Babylon.js v5がリリースされました。どちらかというと安定性強化が多いのですが、大きな機能追加がいくつか入っています。

この記事では、追加された機能の1つである、「GUI Editor」について概要から使い方までを紹介します。

1. GUI Editorとは?

Babylon.js v4の頃に発表された機能です。テキスト、ボタン、スライドバー、スクロールなどを含むGUI画面をノーコードのEditor上で作成できる仕組みです。

A screen example of GUI Editor of Babylon.js

2022/5/1時点ではBETAと書いてあります。そのため後述のように一部動作が不安定なところがあります。

概要や基本的な使い方、サンプルコードについては公式ドキュメントに記載があります。ただし、一部のスクリーンショットが古いです。

doc.babylonjs.com

2. GUI Editorの使い方

GUI Editorはブラウザ上で動くアプリケーションです。使うには2つの方法があります。

方法1:公式で提供されているGUI Editorにアクセスする

https://gui.babylonjs.com/

方法2:Babylon.jsのソースコードをビルドして、ローカルで立てたGUI Editorにアクセスする

どちらでも結果は同じですが、手軽に試すには方法1で良いと思います。

https://gui.babylonjs.com/ にアクセスするとこのような画面になります。

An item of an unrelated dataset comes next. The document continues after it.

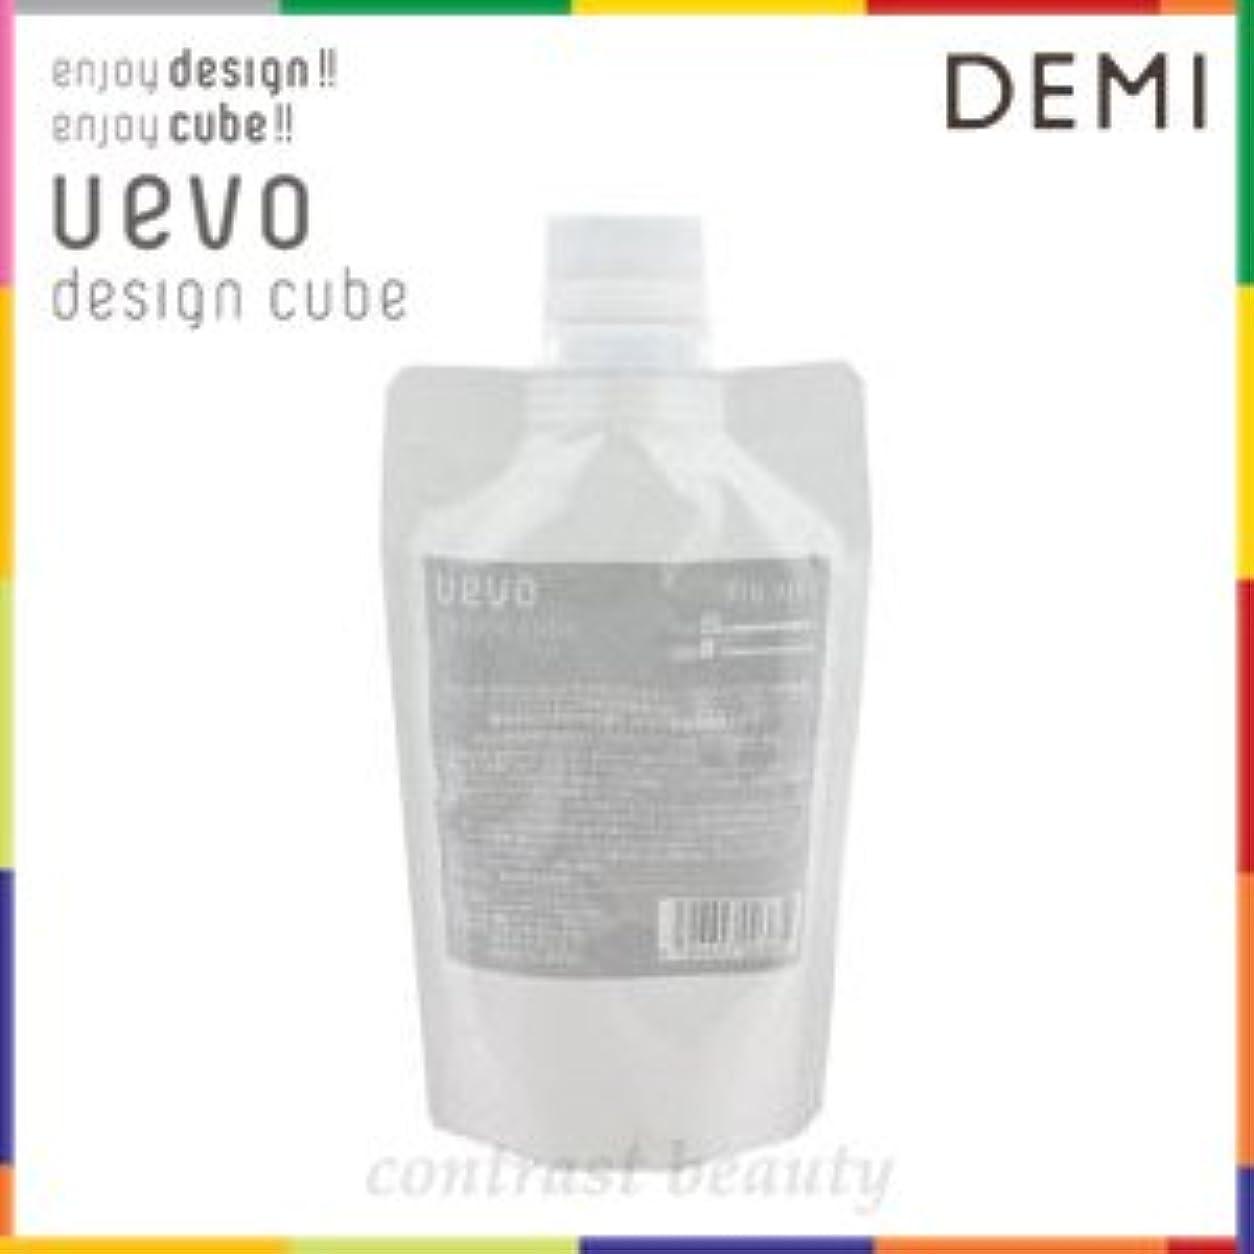 【X5個セット】 デミ ウェーボ デザインキューブ ドライワックス 200g 業務用 dry wax DEMI uevo design cube
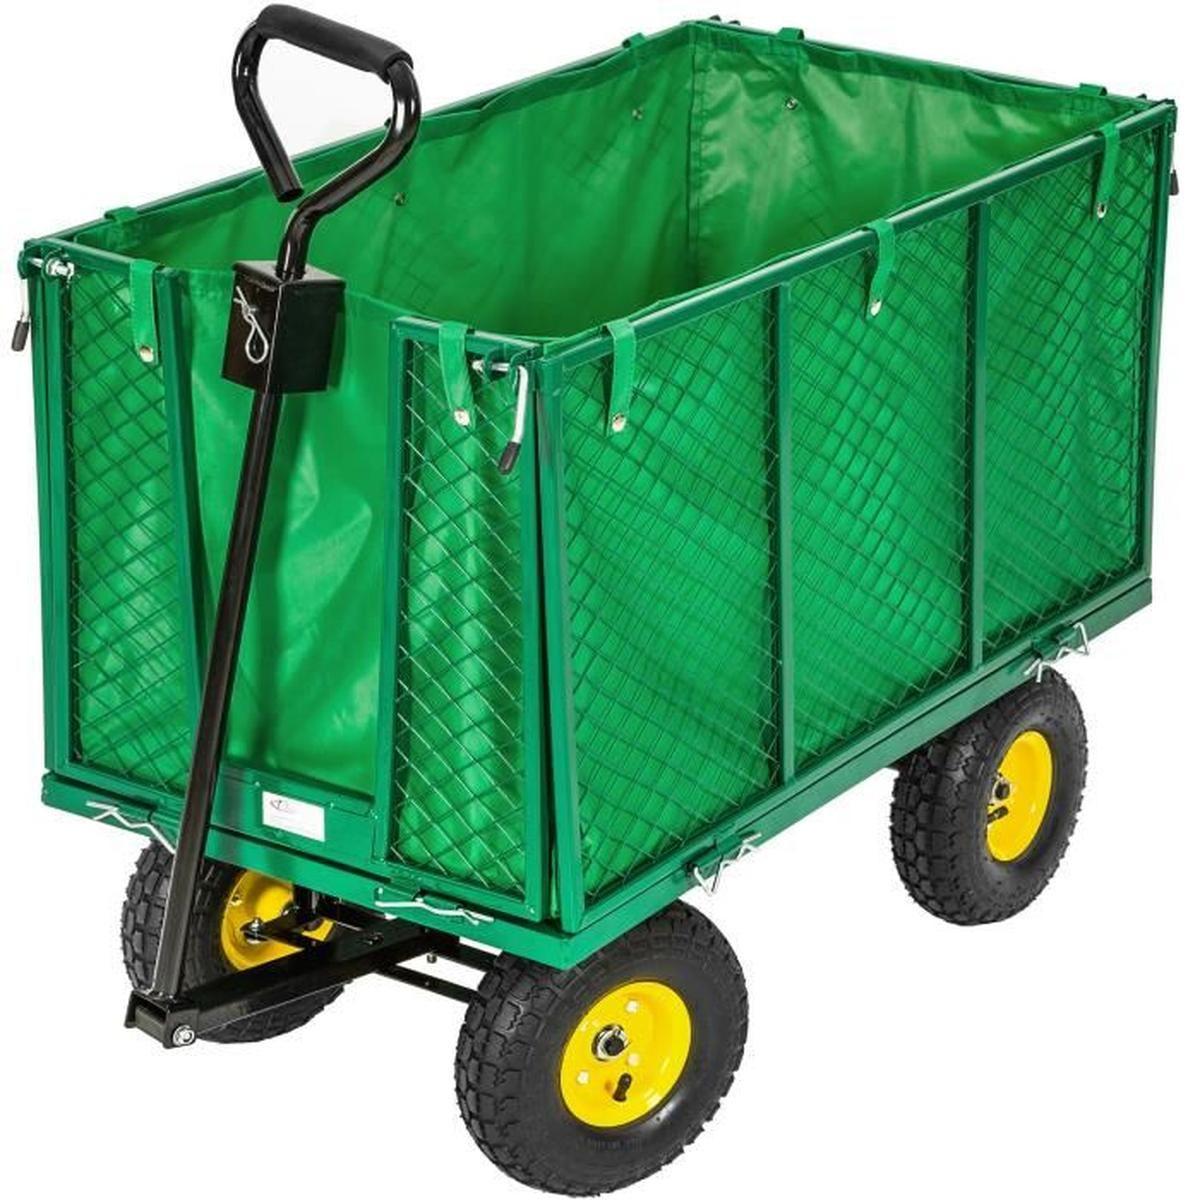 Tectake Chariot De Jardin + Bâche Charge Maximum 544 Kg Vert ... concernant Chariot De Jardin 4 Roues

Initial screen of GUI Editor on Babylon.js

色々と項目が多いので、簡単な解説をつけました。

Main items of GUI Editor in Babylon.js

また、主な操作メニューについてはこの通りです。
Main menu of GUI Editor in Babylon.js

GUI Editorではボタンやスライドバーなどの個別要素をControlと呼んでいるようです。「追加できるControl一覧」のControlを選択するとCanvasに表示されるので、右側のプロパティで位置や大きさ、色などを調整して配置していくことになります。

Controlを並べたら、メニューからSAVEを選択するとjson形式のファイルをダウンロードできます。ダウンロードしたjsonを以下のように呼び出すと、作ったGUIを表示させることができます。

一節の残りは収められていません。